In the closing chapters of Suarez’s novel, Sobol’s Daemon reshapes the world according to the design of a man who’s been dead for years. The book ends with the sense that Sobol has, in some meaningful way, won. The agent he built has continued his work past the limits of his biological life, and the people he entrusted to interpret his intent have been faithful to it.

We laughed at the premise as cyberpunk excess. It was a little overwrought, a little more Sobol than the world really had room for, a little too convinced of one man’s capacity to reshape institutions through software alone.

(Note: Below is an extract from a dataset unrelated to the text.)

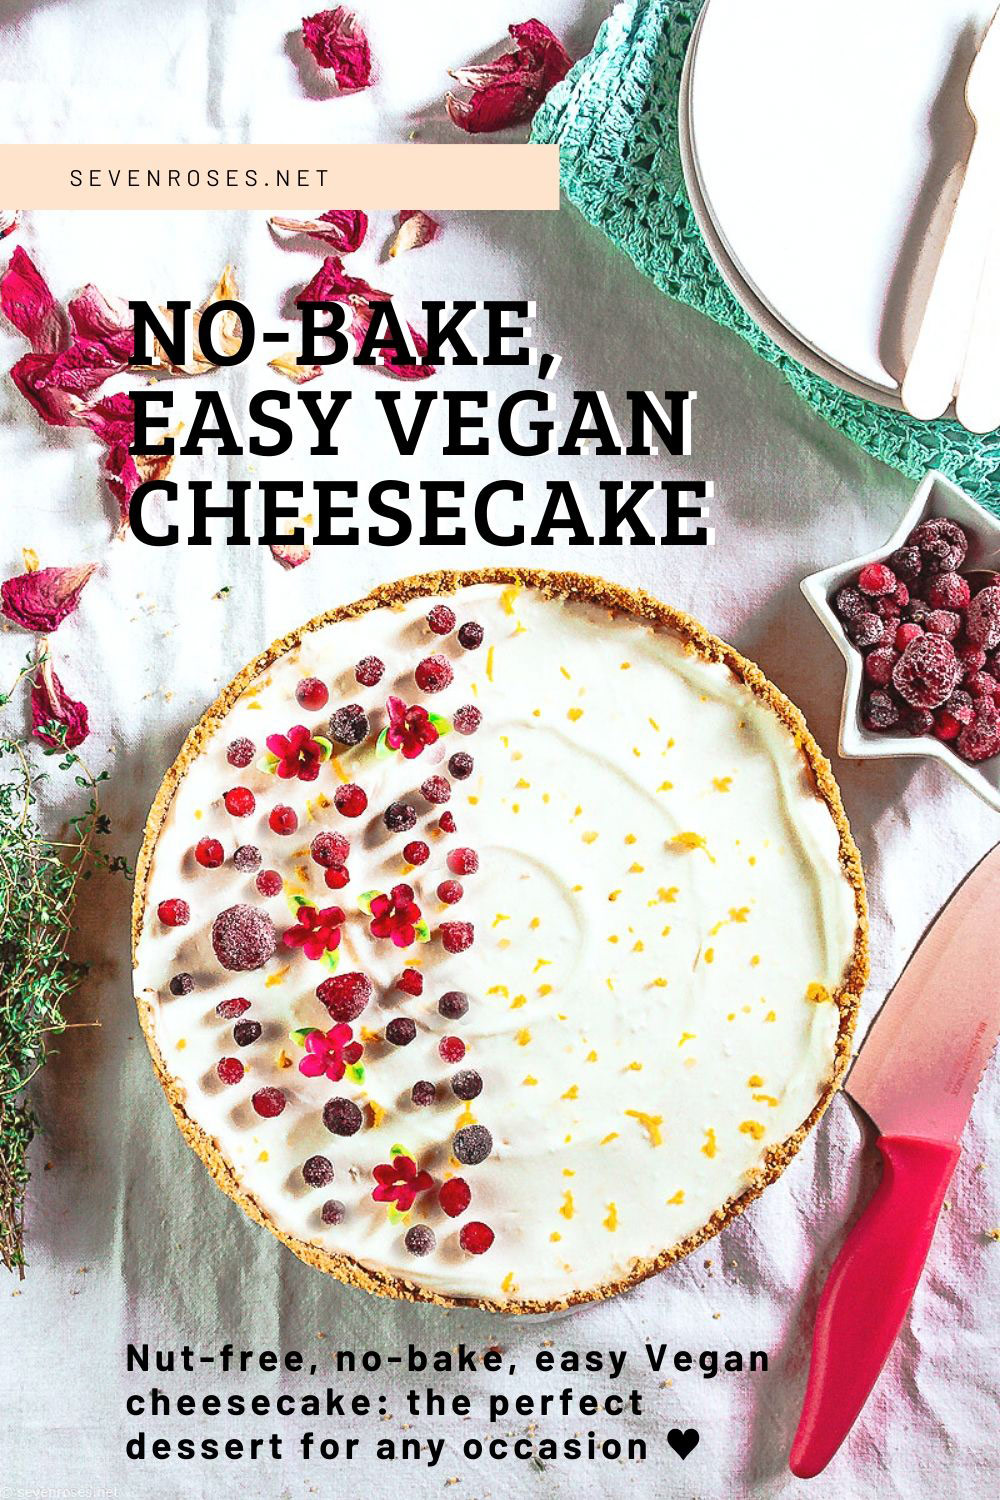 The beauty of of this no-bake, easy Vegan cheesecake recipe is that it will bring you right back to fond memories. And it doesn't require soaking expensive nuts, nor crazy amounts of sugar. This easy nut-free Vegan cheesecake stars a zesty topping, and you can team it with extra berries for a pop of color.

Then look at what we’re building. AI assistants with persistent memory. Voice clones that capture how you sound. Persona models that capture how you decide. Payment rails that let an agent transact across the global economy on the strength of a token its principal authorised. Integration with email, calendar, contacts, the entire operational surface of a person’s life. We’re quietly assembling, piece by piece, every component required to construct exactly the artifact Sobol commissioned for himself, and we’re doing it in a regulatory and institutional vacuum that has no answer for what happens when the principal of one of these systems dies.

The dead hand will reach forward. The question is whose hand, and how far, and whether it’ll be checked by institutions designed for the purpose or unchecked because we didn’t build them in time.

Fiction has been telling us this story for forty years, in different idioms, with different aesthetics, by writers who didn’t know each other and didn’t coordinate. They saw the same thing because the thing was visible from where they stood. It’s now visible from where we stand.

It’s not too late to prepare. It will be soon.